* Task instructions *
Nothing in the entries may change when you repeat them, and no images may appear.

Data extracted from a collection
○ ○ ○
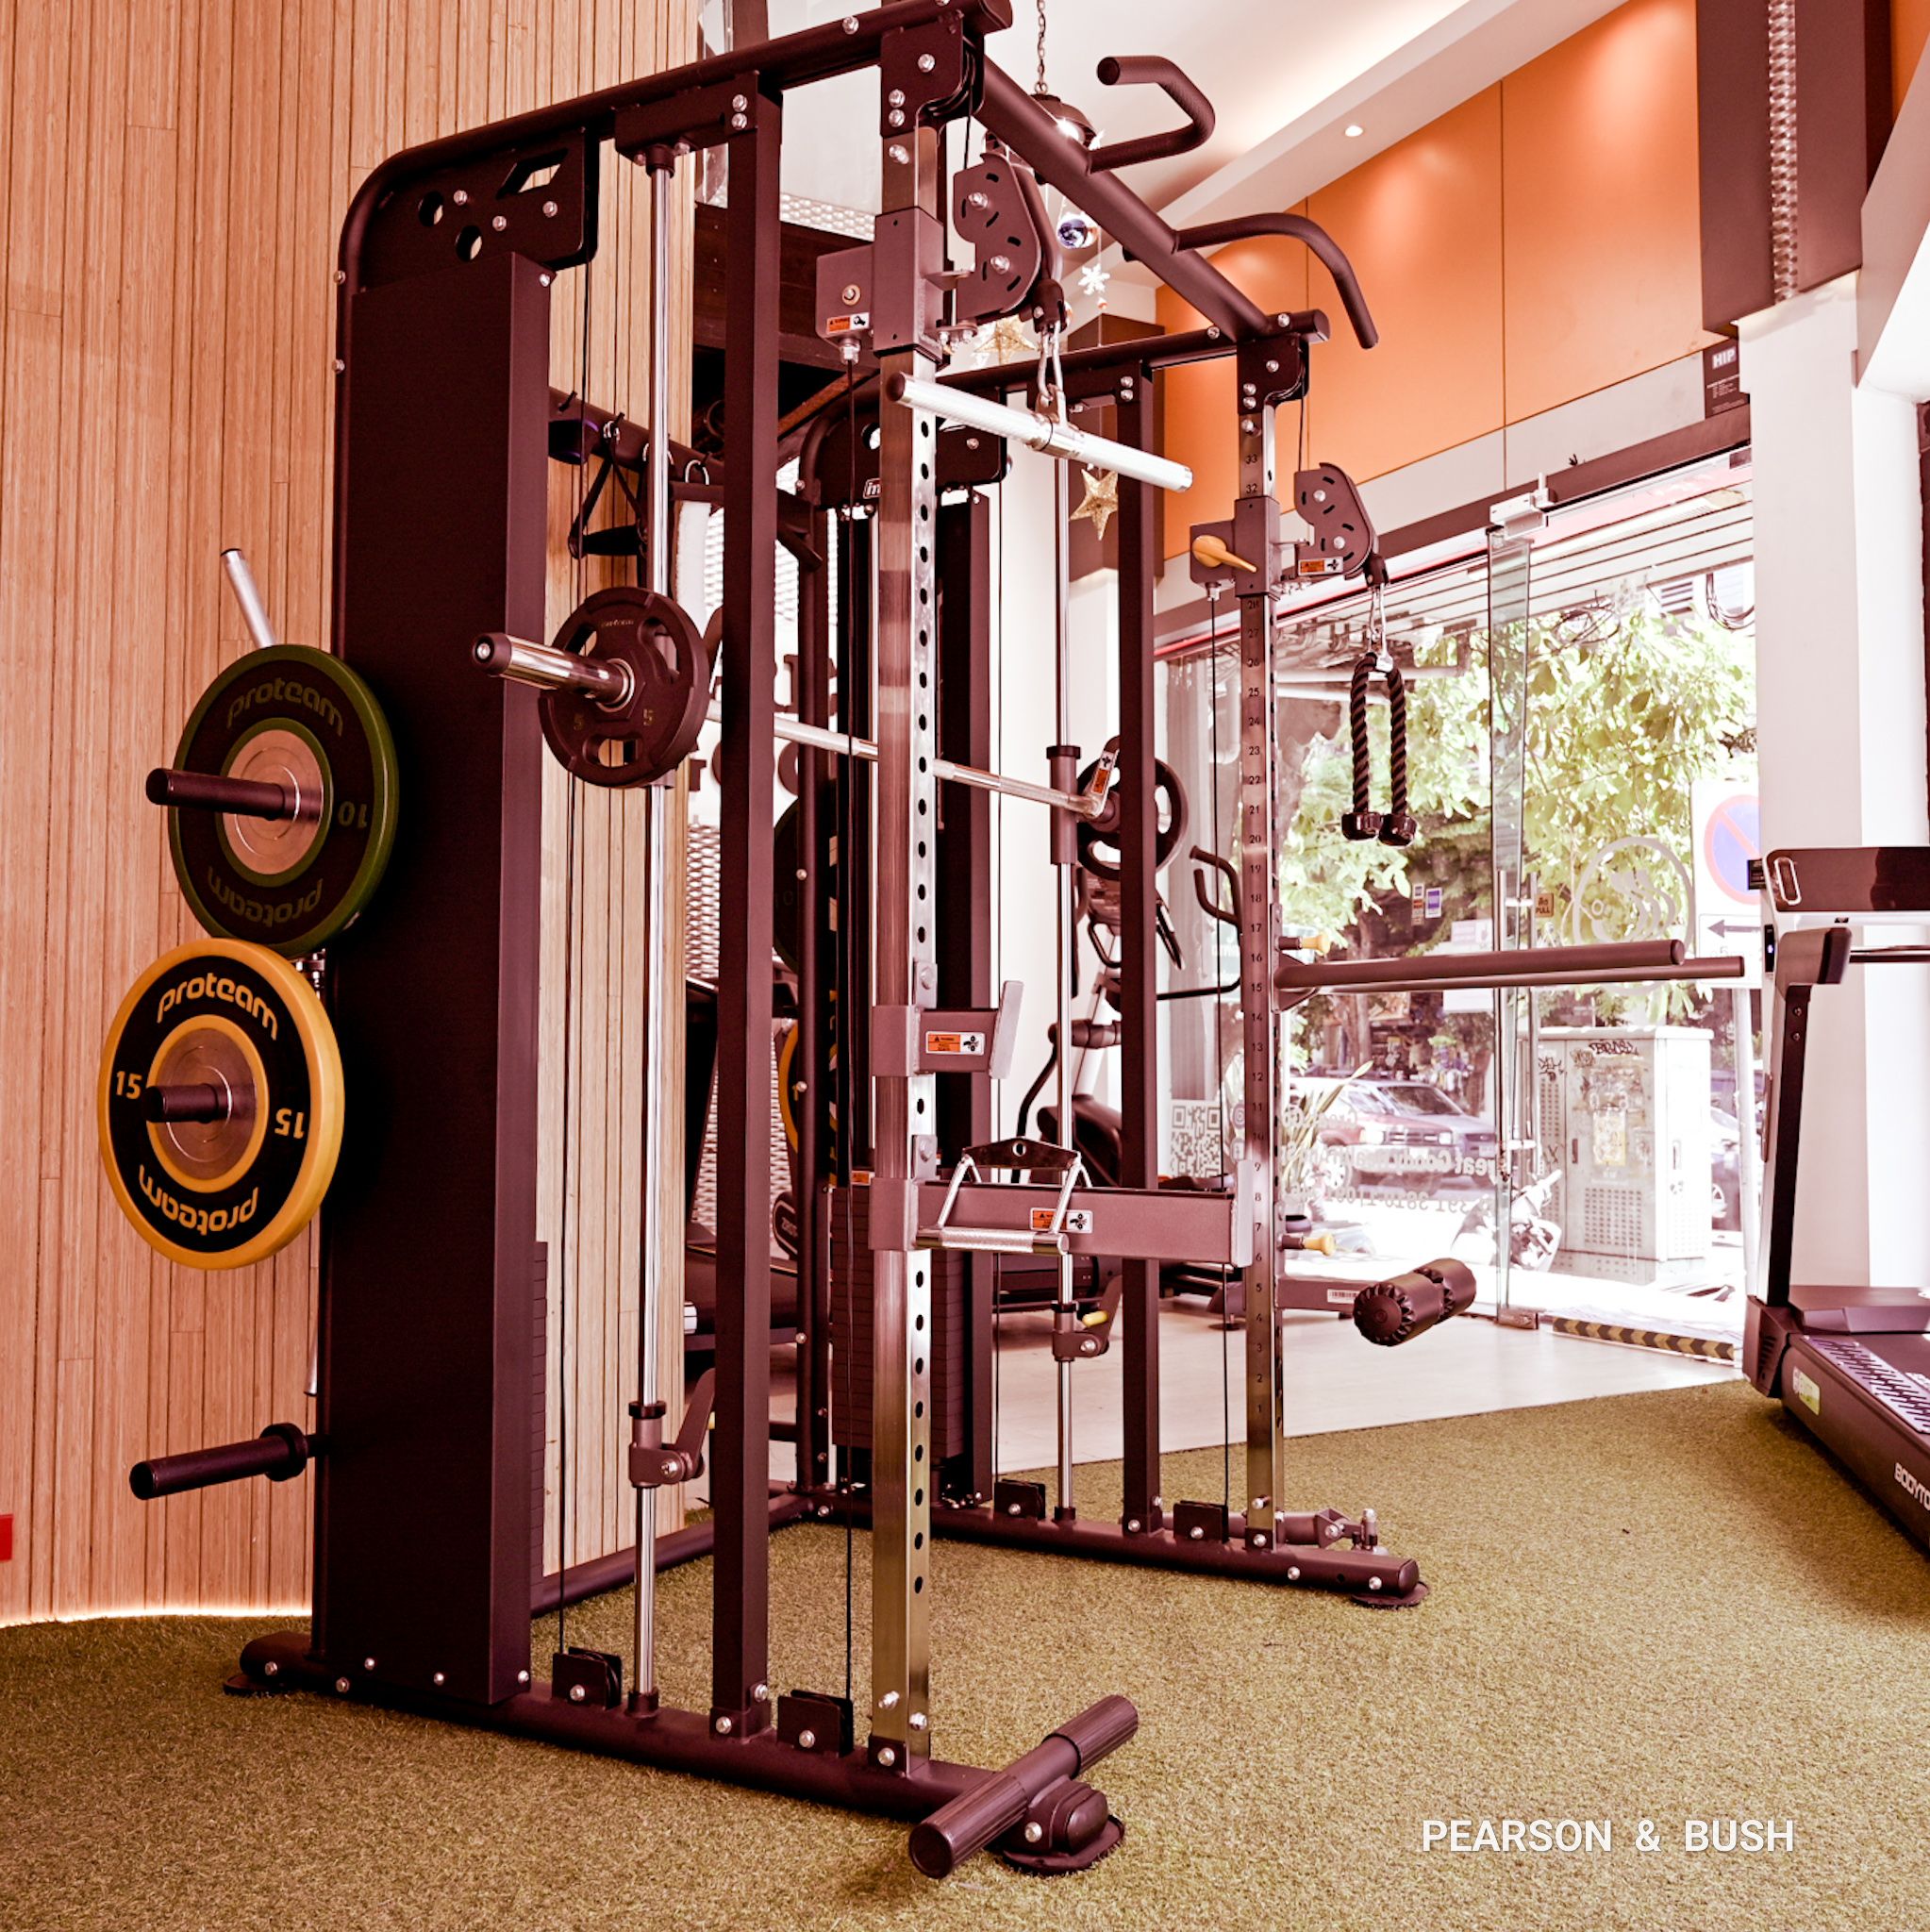 ES2100 Multi-Functional Trainer with Smith เครื่องบริหารกล้ามเนื้อรวม -> Multi-Functional Dual Pulley + Selectorized

Hard chrome plated guide rod

Cable transmission ratio 1:2,

maximum stroke 2314mm

 

หมายเหตุ : ข้อมูลทั้งหมดอาจมีการเปลี่ยนแปลงจากผู้ผลิต
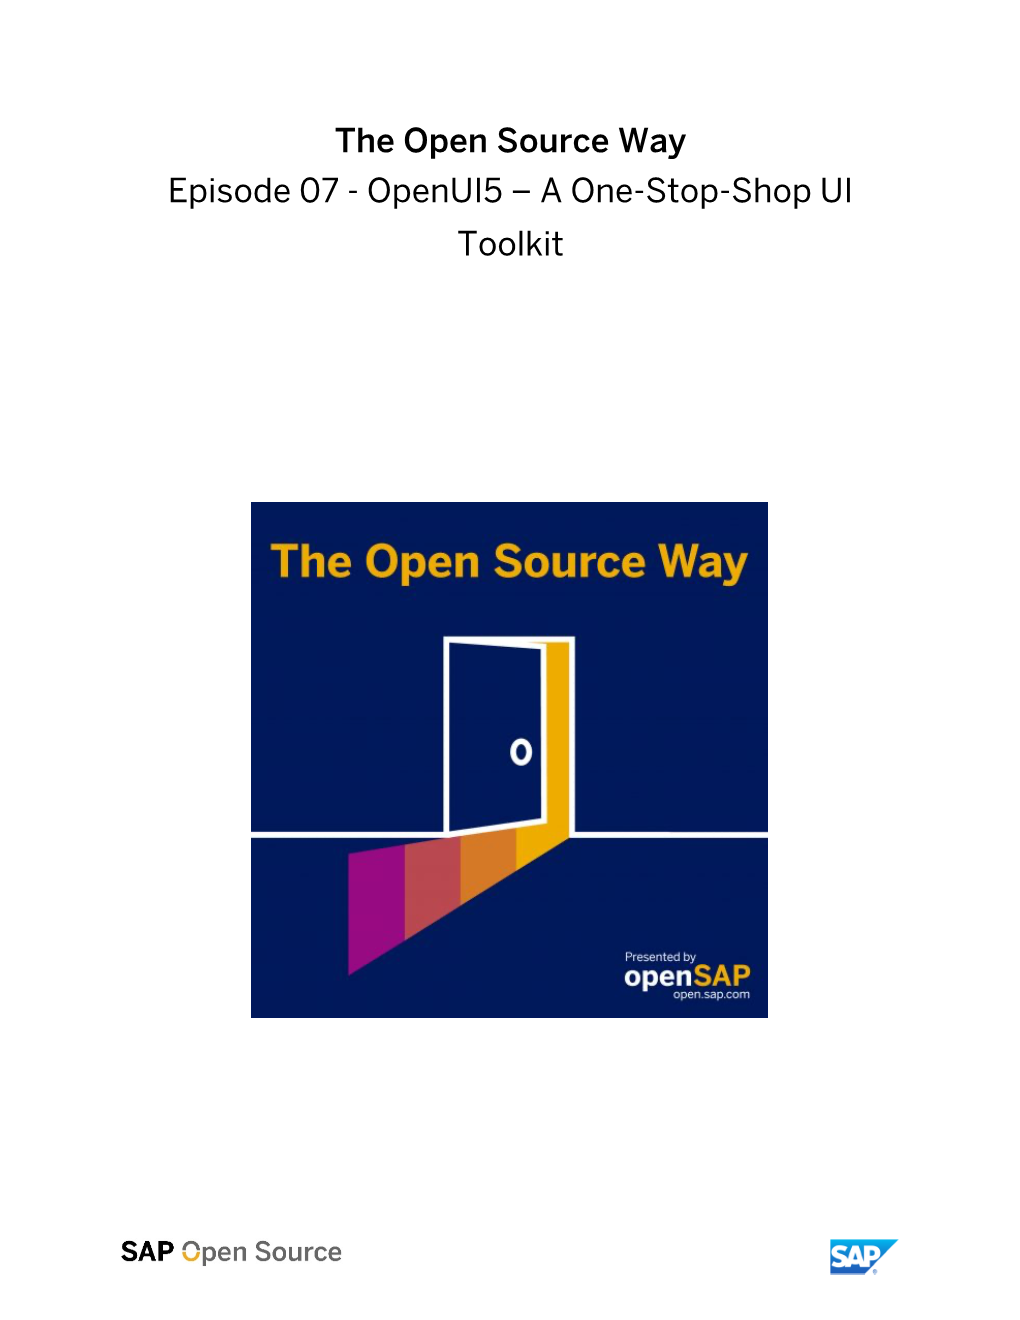 The Open Source Way Episode 07 - Openui5 – a One-Stop-Shop UI Toolkit
○ ○ ○
* Response *
 ES2100 Multi-Functional Trainer with Smith เครื่องบริหารกล้ามเนื้อรวม -> Multi-Functional Dual Pulley + Selectorized

Hard chrome plated guide rod

Cable transmission ratio 1:2,

maximum stroke 2314mm

 

หมายเหตุ : ข้อมูลทั้งหมดอาจมีการเปลี่ยนแปลงจากผู้ผลิต
 The Open Source Way Episode 07 - Openui5 – a One-Stop-Shop UI Toolkit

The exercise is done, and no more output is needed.